How-to solve two canonical links in Drupal 7?

What you can do when your D7 have two canonical links?

When I finish a new project and put it on the air, I check all links looking for some mistakes like a wrong URL, a bad typed character or just a bad link. I don’t know something so bad like a broke link or that sign showing a broke image in an empty space. Is terrible (for me).

In my last project I followed the same how-to: put the website’s URL in the W3C Link Checker, walk to the kitchen to bring a big mug of coffee, sit and wait. After five minutes, surprise: every page had a wrong link. Checking the project looking these links, I can’t see nothing wrong. Just in case, I recheck the pages using another tool (LinkChecker) but the problems persist.

So, I stopped for check the source code of some pages and I found two canonical links in each page: the first was correct but the second with a wrong address where the language prefix was posted two times (that was a multi language project). The first link I know where it came: from the Metatag module, a great module to manage all kind of information to improve SEO in Drupal websites (it’s a really wonderful module). And the second? Who is the father of that crazy thing? To eliminate some suspicious things, I disabled some modules like Global Redirect but the problem persist (and I spend a couple hours with this issue).

Searching the web, I found the secret (ok, no so secret, but…): Drupal 7 automatically make a canonical link for every page and put it in the header. It’s great when you don’t use another module to manage this kind of information. With two canonical links, the search engines could be crazy and, in some way, put my articles in their ranking down. Another bad thing: Drupal don’t use the absolute URL to create the canonical links, just a relative URL (to change it you need to uncomment the base url line in settings.php). So, the final solution was disappear with the Drupal’s canonical links and use just the Metatag option. But, how?

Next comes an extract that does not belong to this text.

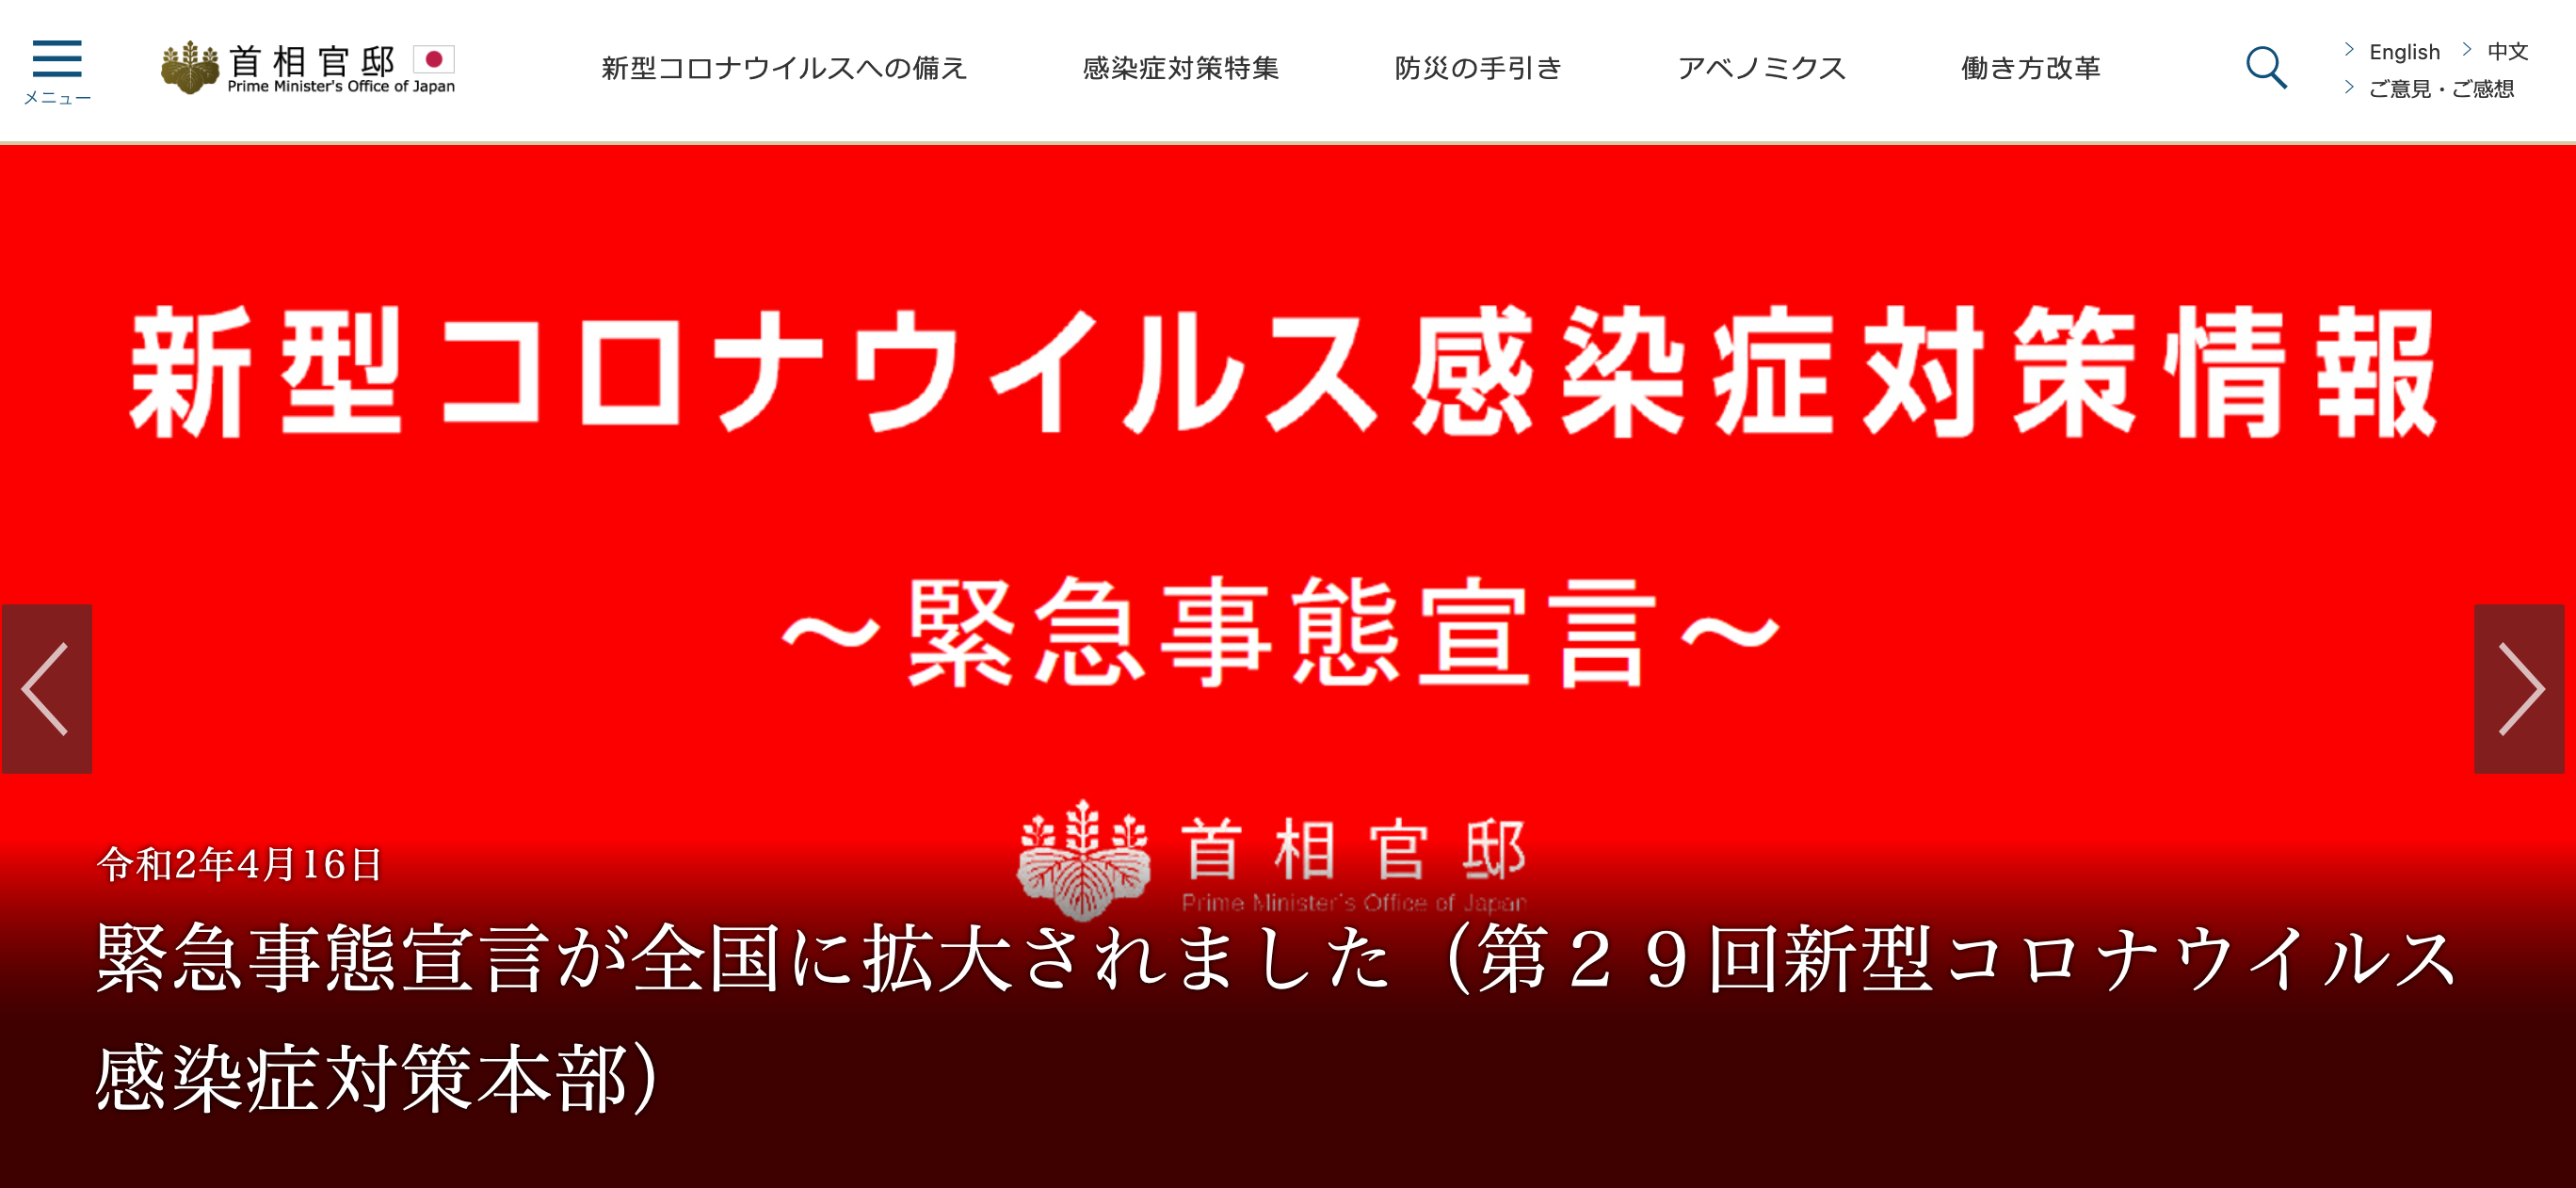 日本首相安倍晉三因武漢肺炎疫情所宣布的緊急事態宣言(圖/首相官邸)
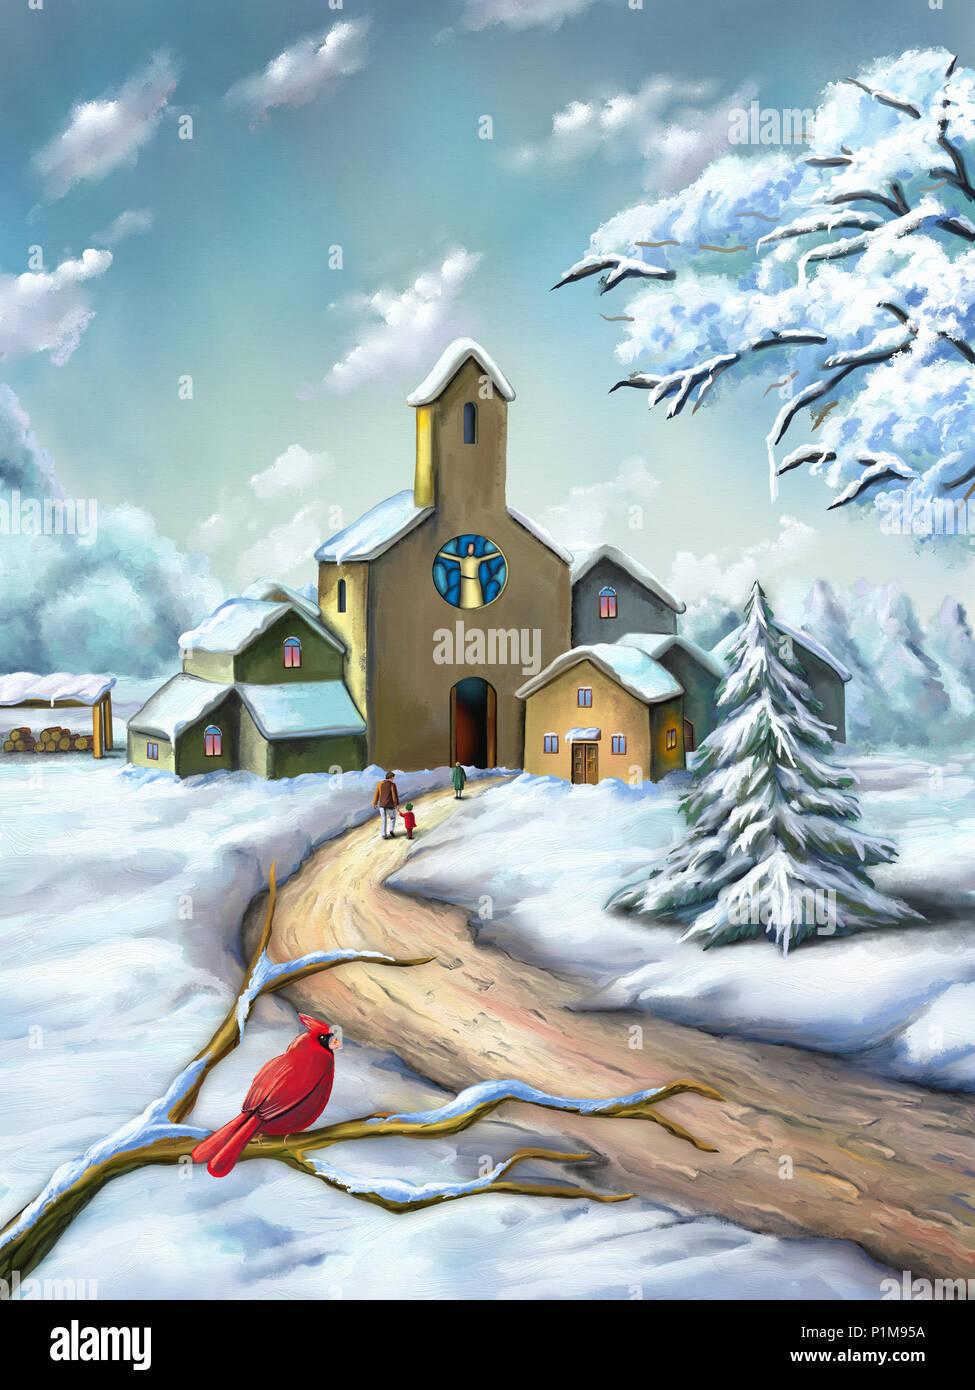 Paesaggi Di Natale.Piccolo Borgo In Un Innevato Paesaggio Di Natale

The trick: use the force and take out the canonical links

In Drupal 7 every page use the html.tpl.php file and there’s the $head variable used to print all metatags. So, if I disabled this variable, my problems are gone, right? Wrong! This variable print more than canonical links and it’s not a good idea to remove it (but if you like some kind of punishment, you can write every piece of information inside of your theme). The solution I found at Drupal’s API website: the html_head_alter hook. With it and a small function inside my template.php file I solved the problem. Look it:

function mytheme_html_head_alter(&$head_elements){
    unset($head_elements['drupal_add_html_head_link:canonical:</node/1>;']);
}

The code above solved the problem just for the node 1 but I need for every node (or page). The answer is:

function mytheme_html_head_alter(&$head_elements){
    foreach (preg_grep('/^drupal_add_html_head_link:canonical:</', array_keys($head_elements)) as $key) {
         unset($head_elements[$key]);
    }
}

Just a looping and a regular expression to remove the canonical links for every page and now, I can use the Metatag module like a charm. This approach is valid for any information that Drupal put inside the header like shortlinks, generator, etc (to find which value that you can remove, use a simple print_r($head_elements inside of the function).

If you have the same problem, cut and paste the function above and put it in your template.php file changing “mytheme” for your theme’s name. But don’t forget: install a module to manage the canonical links. Search engines like it so much.

Good luck.

1 comentário em “How-to solve two canonical links in Drupal 7?

  1. Ranjeesh

    Thank You Very Much. Exact Problem with the exact modules in reference. I applied your fix on our site and it worked like a charm.